Pope Francis' shoes displayed at Place de le Republique, which is covered with shoes as part of symbolic rally organized by the NGO Avaaz during the forbidden COP21 demonstration in Paris on Nov. 29, 2015.
Patrick Aventurier—Getty Images
By Christopher J. Hale
December 2, 2015
IDEAS
Hale is executive director at Catholics in Alliance for the Common Good and the co-founder of Millennial

​The climate change conference that kicked off this week in Paris has been called the world’s “last, best hope” for an international agreement to combat climate change. Though past conferences have largely been failures, there’s a new player in town this year who could change everything: Pope Francis.

On Monday Francis said it’s “now or never” for the international community to start effectively curbing climate change. “Every year the problems are getting worse,” he said. “We are at the limits. If I may use a strong word I would say that we are at the limits of suicide.”

To stand in solidarity with climate-change protestors at the conference, Pope Francis sent his shoes to Paris. But that’s nothing compared to what he’s done the past year to confront this global crisis.

In June, Francis released his groundbreaking encyclical on climate change. Easily the most read papal document ever, even the world’s political elite took it seriously. President Barack Obama tweeted his support for it, and Joe Biden told me that he read it cover to cover.

But Francis’s moral authority on human ecology stretches well beyond politics. In fact, it’s Pope Francis’s populist framework on caring for God’s creation that may prove most effective in the Paris negotiations. When Francis worries about the victims of climate change, he’s more concerned about the poor and excluded—not the whales.

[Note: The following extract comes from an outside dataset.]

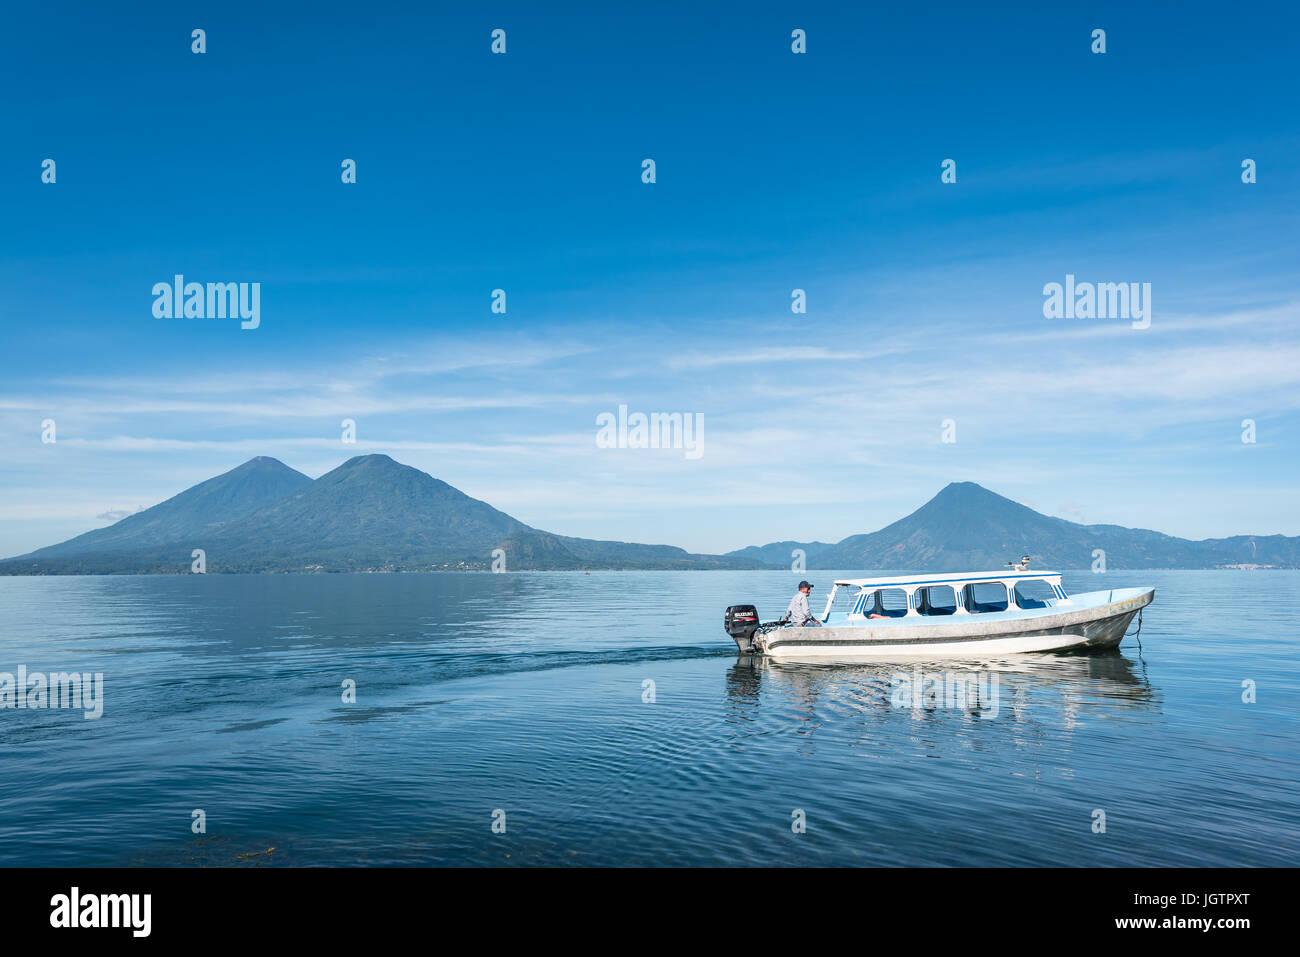 Central America, Guatemala, Lago de, Atitlan, lake, Santiago, fisherman, boat, indian, maya, native, mundo maya. - Stock Image

In his encyclical, Francis argued that there is an “intimate relationship between the poor and the fragility of the planet.” He also denounces the elitist “green rhetoric” that sometimes characterizes the climate-change debate. Today’s environmentalist, Francis argues, must hear both the cry of the earth and the cry of the poor.

That language is a winning formula for politicians gathered in Paris. Domestically, many world leaders face significant opposition to climate change. In the U.S., Obama faces GOP challenges to his EPA regulations. Consider the president’s Sept. 27 speech to the U.N., in which he praised the visiting pontiff for “rightly” pushing for action:

All of our countries will be affected by a changing climate. But the world’s poorest people will bear the heaviest burden—from rising seas and more intense droughts, shortages of water and food. We will be seeing climate change refugees. As His Holiness Pope Francis has rightly implored the world, this is a moral calling.

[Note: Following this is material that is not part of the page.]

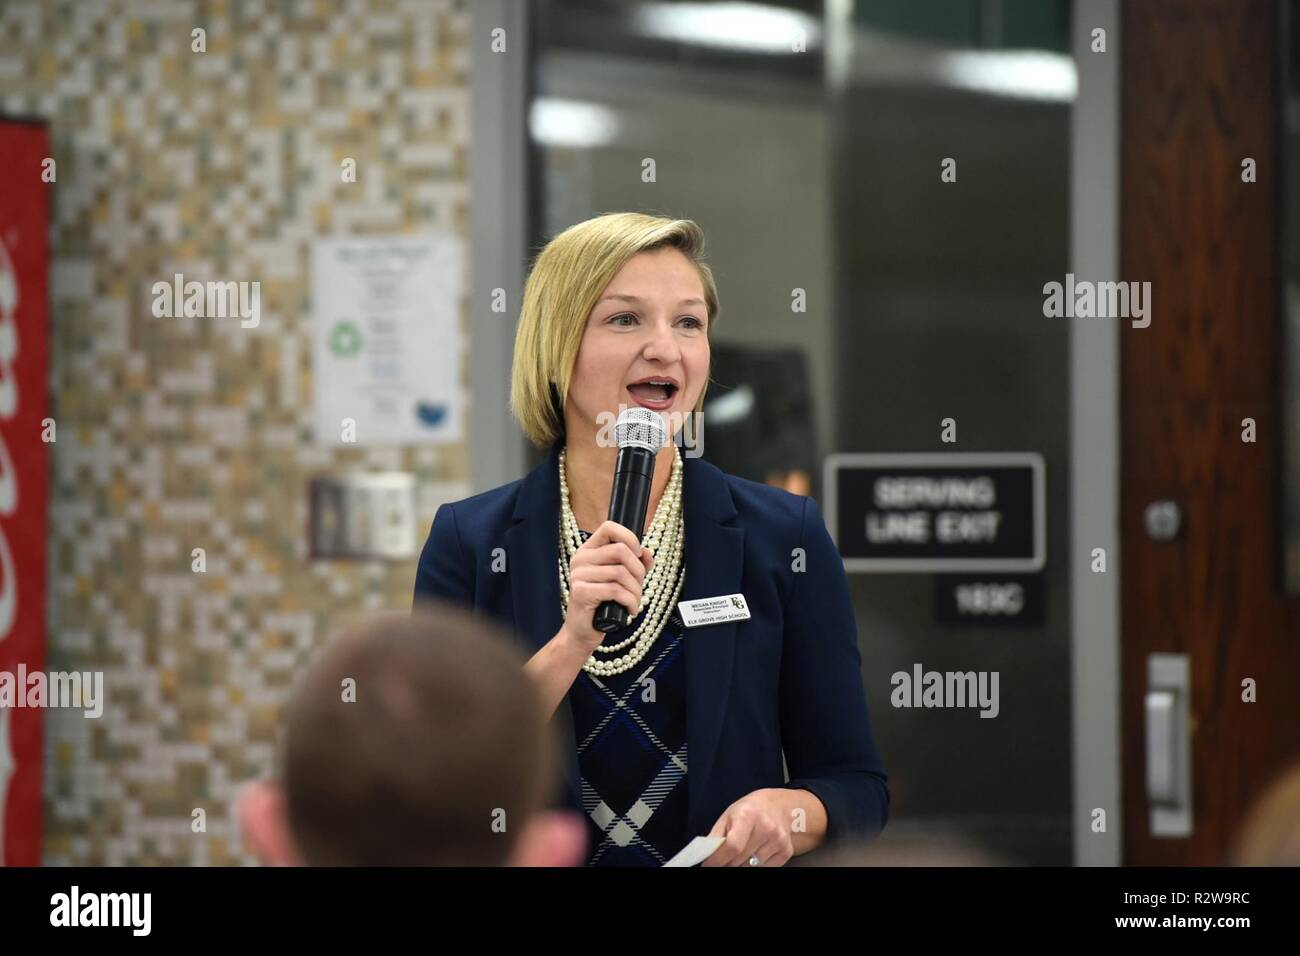 Megan Knight, Associate Principal of Elk Grove High School

EPA Administrator Gina McCarthy took the pope’s environmental messaging on the road, speaking at Georgetown University and the University of Notre Dame, two of the nation’s top flagship Catholic universities. She even co-authored an op-ed with Blase Cupich, Pope Francis’s handpicked archbishop of Chicago. In the July 24 essay, they wrote that Americans had a “moral obligation to act on climate” and strongly defended the administration’s landmark Clean Power Plan, aimed at reducing carbon pollution from power plants.

The Obama administration gets it: Preaching Pope Francis’s message on climate change works. It can help turn what was often derided as an elitist secular cause into a bread-and-butter mainstream issue.

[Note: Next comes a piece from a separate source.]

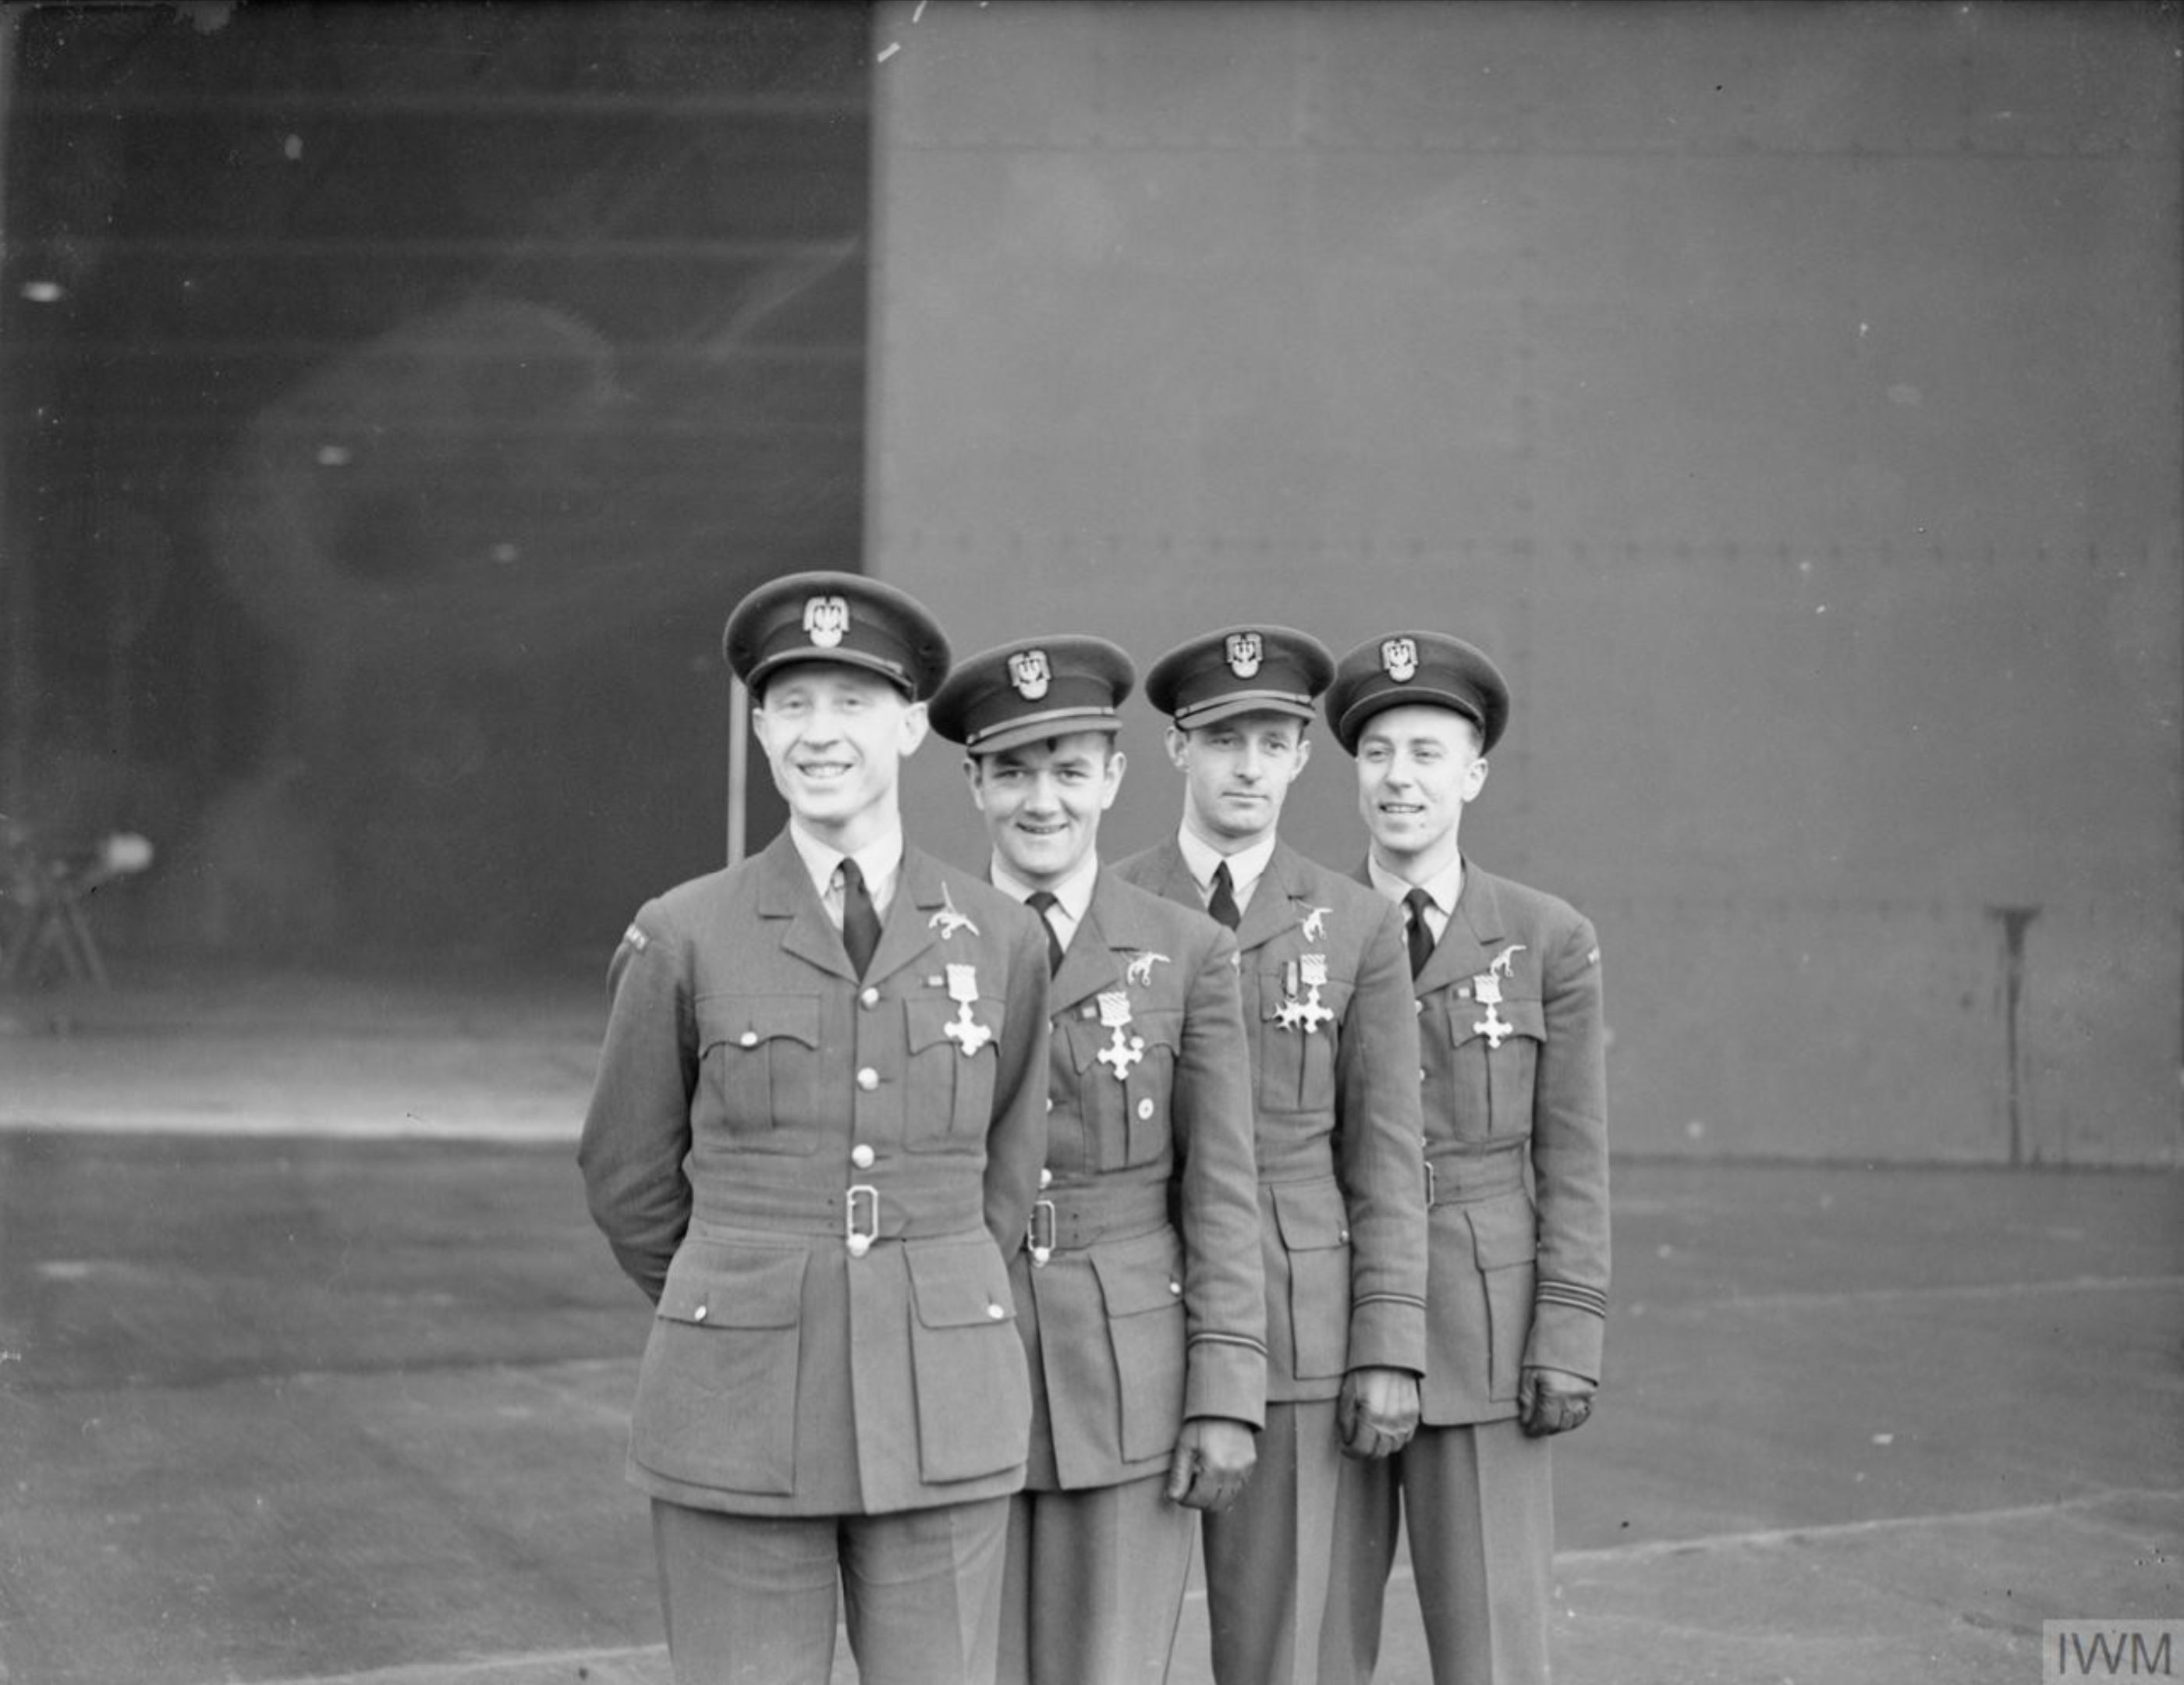 Aircrew RAF 303Sqn (Polish) pilots at awards ceremony 15 Dec 1940 IWM CH1840

The pope’s message also gives domestic and global leaders political cover to take new actions to address climate. In September 10 House Republicans did just that, writing a resolution citing the pope in their call for their party to get serious about climate change.

Pope Francis has laid the groundwork for clear and effective action in Paris. He’s also pointed a new way forward for discussion. Climate change policy discussions too often happen from above. Francis wants them to begin from below. Citing the “ecological debt” rich countries owe poor countries, Francis wants to make sure policy makers put developing countries in the center of the decision making.

Francis has given the leaders gathered in Paris the vision and the space to make change. Now’s it up to the politicians to follow through.